Re: [Scheme-reports] [scheme-reports-wg1] Digest for scheme-reports-wg1@googlegroups.com - 13 Messages in 5 Topics
Mark H Weaver 12 Aug 2012 16:03 UTC
On 08/11/2012 11:43 PM, Ray Dillinger wrote:
> Conversely, I expect, if two variables are eqv? but not eq?, that
> mutation of one will not have a side effect of mutating the other,
> thus the two variables will not remain eqv?
I believe this is incorrect. If two mutable values are 'eqv?', then
they must denote the same locations. Can you provide an example of a
Scheme standard or major implementation that allows an exception this rule?

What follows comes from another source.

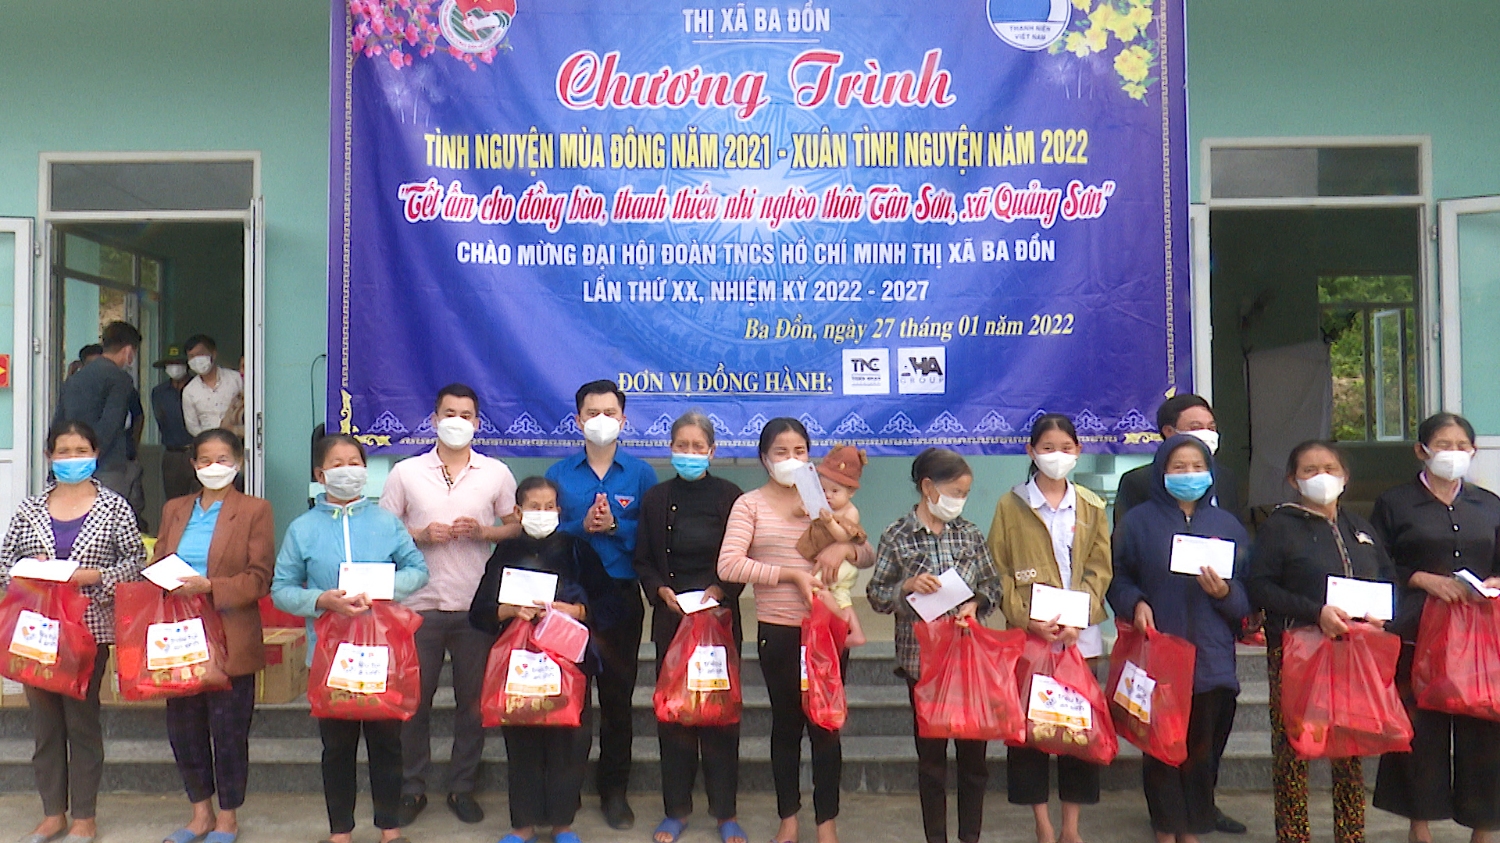 Thị đoàn Ba Đồn và các nhà tài trợ trao tặng 43 suất quà cho các hộ nghèo, hộ cận nghèo, hộ già cả, đau ốm tại thôn Tân Sơn, xã Quảng Sơn.

This rule is consistent with the R3RS definition of 'eqv?' as an
approximation to the operational equivalence relation. Specifically,
the R3RS allows 'eqv?' to return #true only when the values are known to
be operationally equivalent. In cases where operational equivalence
cannot be proved, it must return #false.
Two distinct mutable locations are never operationally equivalent,
regardless of what values they hold at a given time.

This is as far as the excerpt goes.